Subsequently, attention from different layers, with dimensions of 256, 128, and 64, respectively, was combined and projected onto a unified attention layer for aggregation. To preserve the precision of the attention weight distribution in the first and second layers, point correspondence mapping was applied to align their attention to the spectral dimension, preventing the loss of fine positional information. Finally, a masking technique was employed to map the 512 data points from the first and second layers onto the attention weights of the third layer. This step accurately captures the true weight distribution of attention across spectral bands, which is crucial for final component discrimination and concentration prediction.

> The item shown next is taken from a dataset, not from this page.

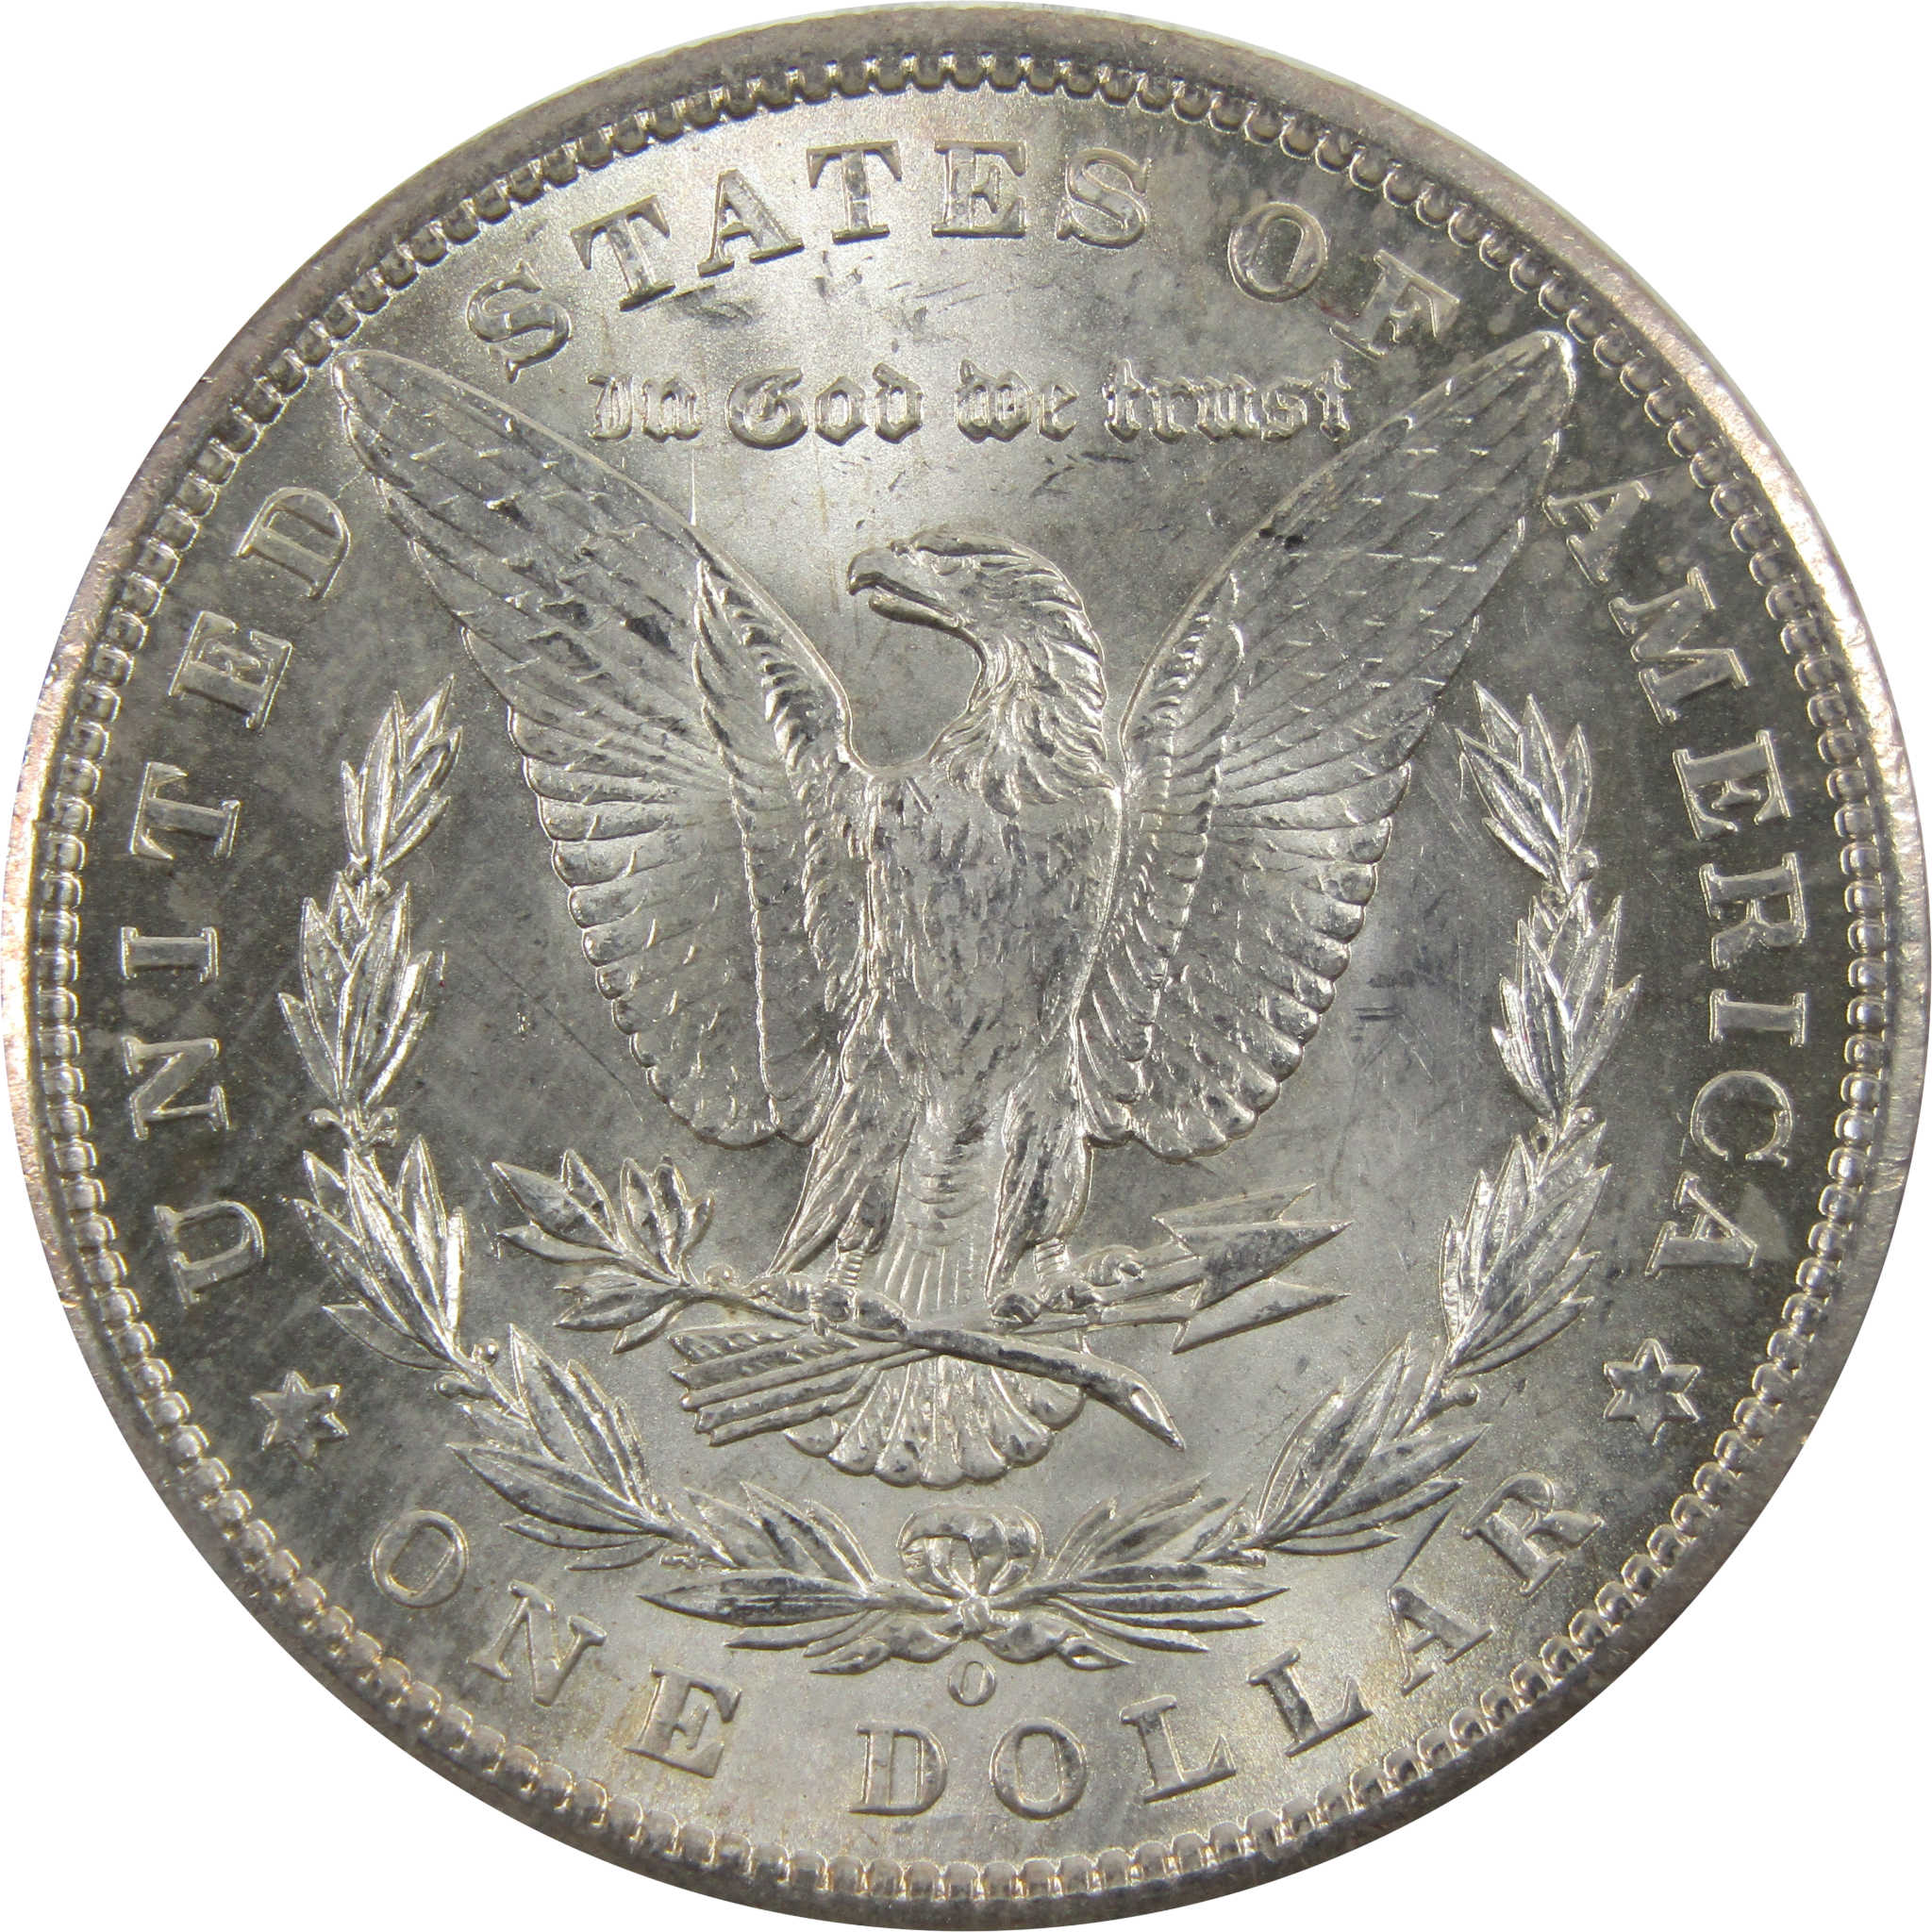 1898 O Morgan Dollar BU Uncirculated 90% Silver $1 Coin SKU:I5241 - Morgan coin - Morgan silver dollar - Morgan silver dollar for sale - Profile Coins &amp; Collectibles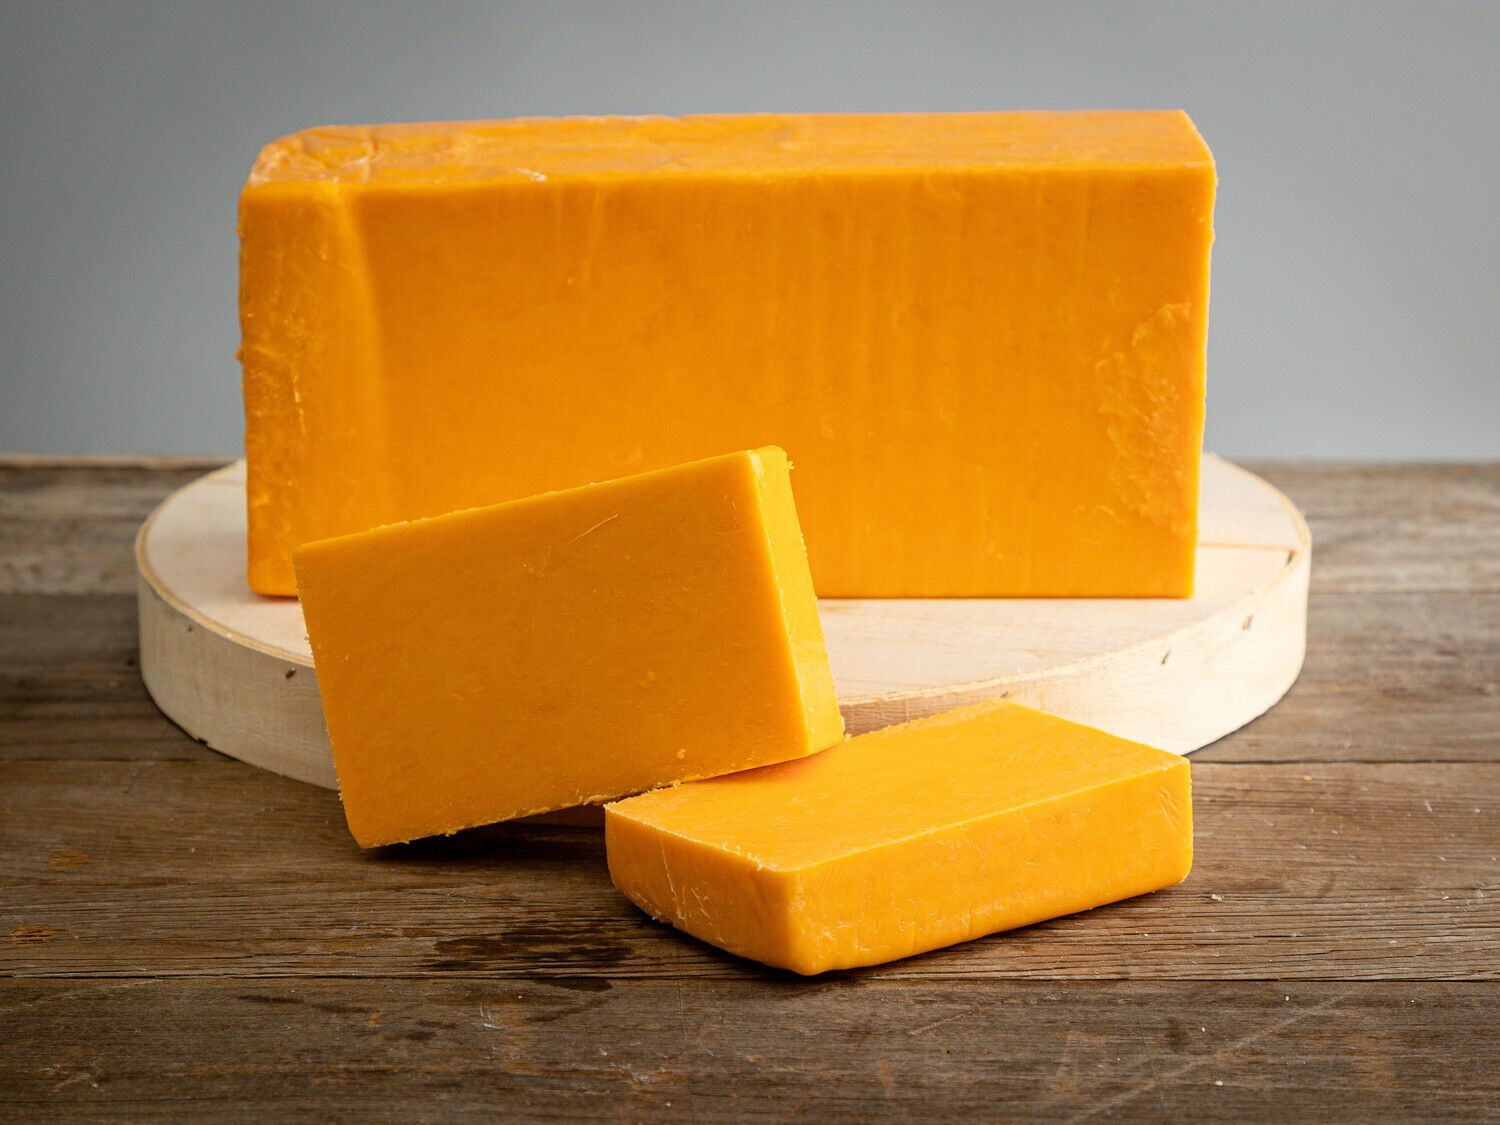 Ohio Cheddar Cheese

The attention weights at the corresponding positions across all three layers were then accumulated, and the total weights were renormalized to ensure consistency within a unified visual range. Finally, using linear interpolation, the 64 attention weight blocks were mapped to their corresponding spectral regions, providing detailed visualization of the weight distribution within the analysis matching network and enhancing the interpretability of the model. Here we show the visualization and analysis of binary and ternary mixtures to illustrate the inference process of the model.

To achieve spectral alignment and enhance the clarity of visualization, all spectra were aligned to the origin of the coordinate axis to ensure consistency. The inference process of the model is depicted in Fig. 5. Fig. 5(a) presents a heatmap of attention weight distribution over the mixture spectrum during the analysis. By visualizing the attention weights, the network's focus on mixture features during the matching analysis phase can be intuitively observed.


image file: d5an00075k-f5.tif
Fig. 5 (a) & (d) Showing the global attention weight distribution on the Raman spectra of ternary and binary mixtures, respectively. (b) & (e) Peak matching analysis showing the correspondence between the peaks of the mixture and the characteristic peaks of DIMP, DMMP and TEP. (c) & (f) Histogram showing the predicted concentration of each component in the mixture.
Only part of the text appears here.